Na ocasião, os oficiais das Forças Amaradas foram flagrados fotografando documentos de identidade dos moradores, ação que foi considerada inconstitucional pela OAB-RJ. As informações foram veiculadas pelo jornal O Globo.

A OAB-RJ criou um observatório jurídico para acompanhar as ações da intervenção federal no Rio de Janeiro [VIDEO], e afirmou que vai solicitar que o interventor apresente os critérios que foram adotados durante o fichamento dos moradores das comunidades cariocas.

Um representante do órgão e membro do observatório jurídico afirmou que obrigar a população das comunidades a serem fotografadas é também inconstitucional, e que os cidadãos não foram informados do que será feito com os registros de seus documentos e imagens.

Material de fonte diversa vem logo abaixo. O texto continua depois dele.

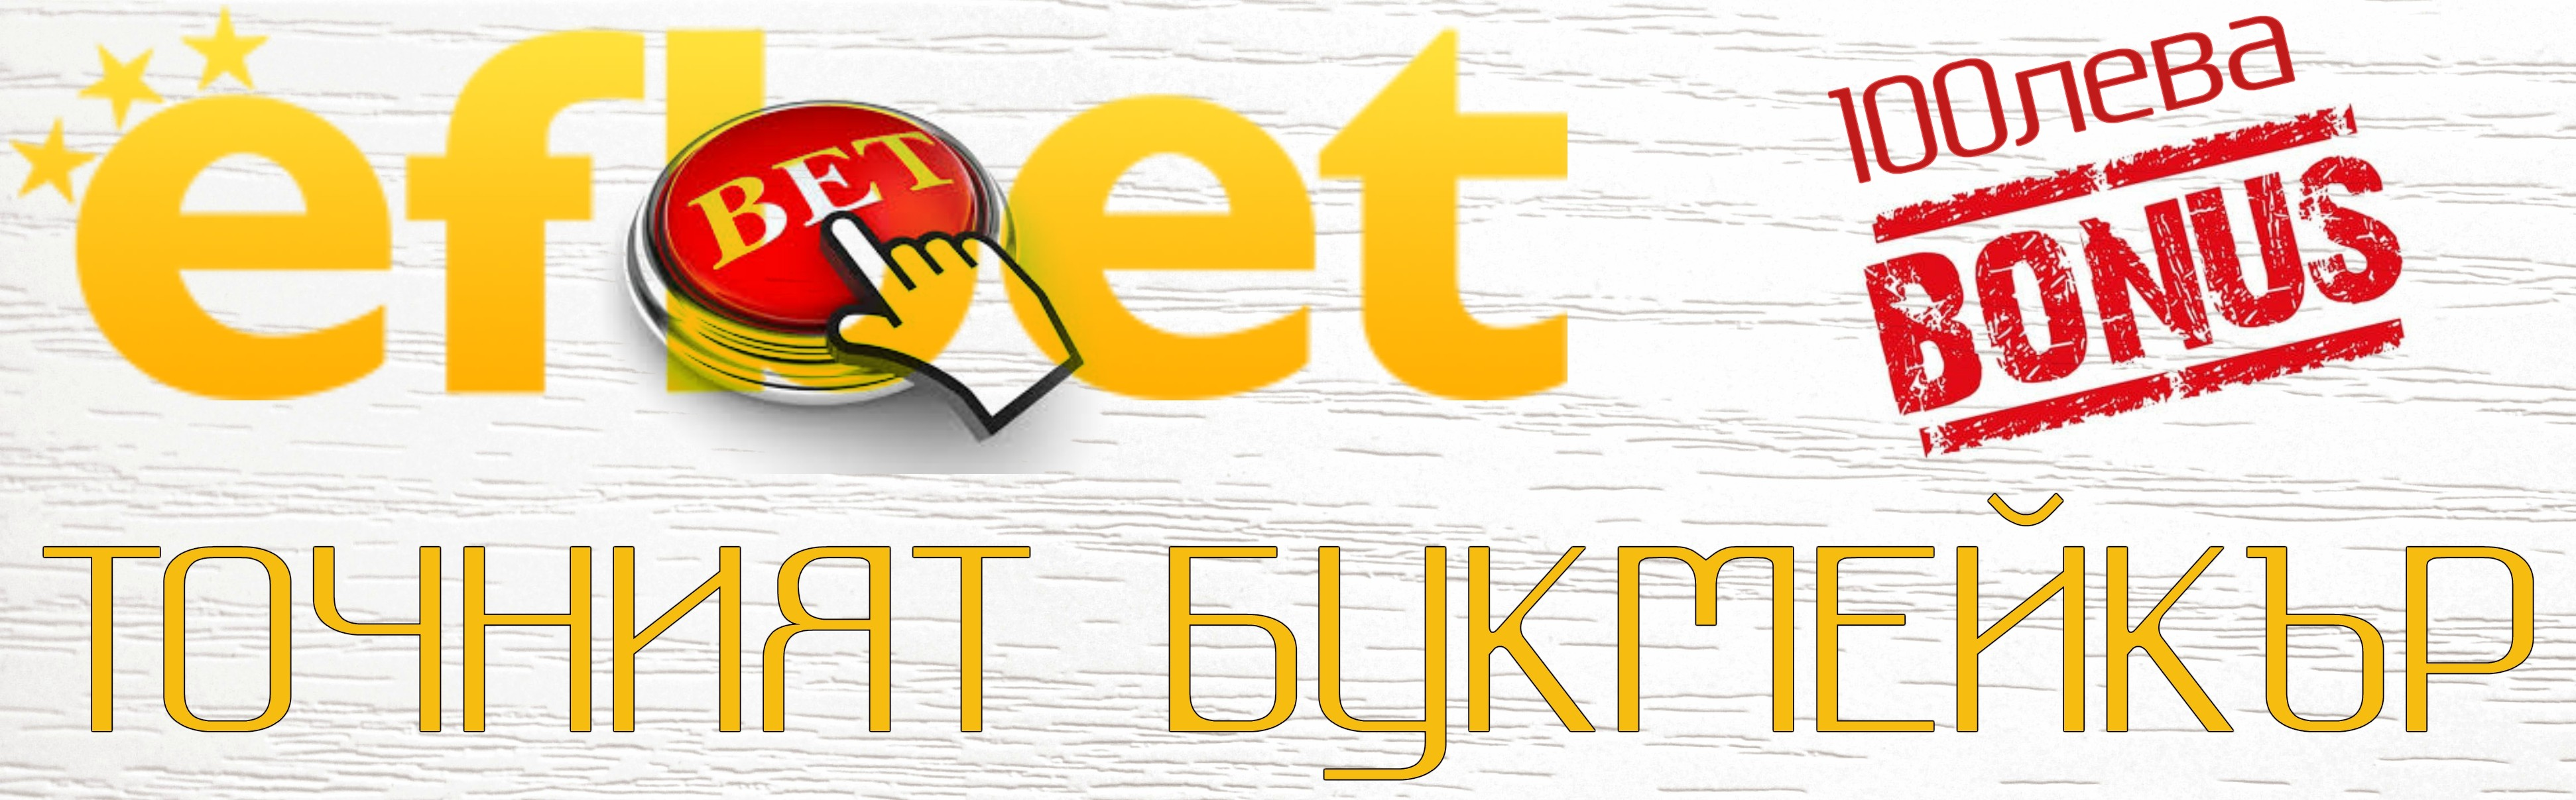 Точният букмейкър - Efbet

Representantes do órgão também se afirmaram contrários à hipótese das Forças Armadas utilizarem mandados coletivos de buscas e apreensão durante a #Intervenção no estado. A medida foi defendida pelo ministro da Defesa, que assume nesta terça-feira, dia 27, a chefia do novo Ministério da Segurança Pública.

O observatório criado pela OAB-RJ para acompanhar as ações da intervenção federal na segurança pública do estado é presidido pelo presidente da associação, Felipe Santa Cruz, e composto por mais oito juristas e advogados especialistas em segurança e criminalidade.



Além da OAB-RJ, a Câmara dos Deputados também criou um órgão para acompanhar a medida. Batizado de “Observatório Legislativo”, a equipe é formada por parlamentares e servidores públicos que pretendem fiscalizar o desenrolar das ações no Rio de Janeiro, medindo índices em áreas além da segurança, como educação e saúde.

A medida foi anunciada pelo presidente da Câmara, Rodrigo Maia (DEM-RJ), que participou do encontro com o presidente Michel Temer (MDB) e o governador do Rio, Luiz Fernando Pezão (MDB) onde a intervenção federal foi definida.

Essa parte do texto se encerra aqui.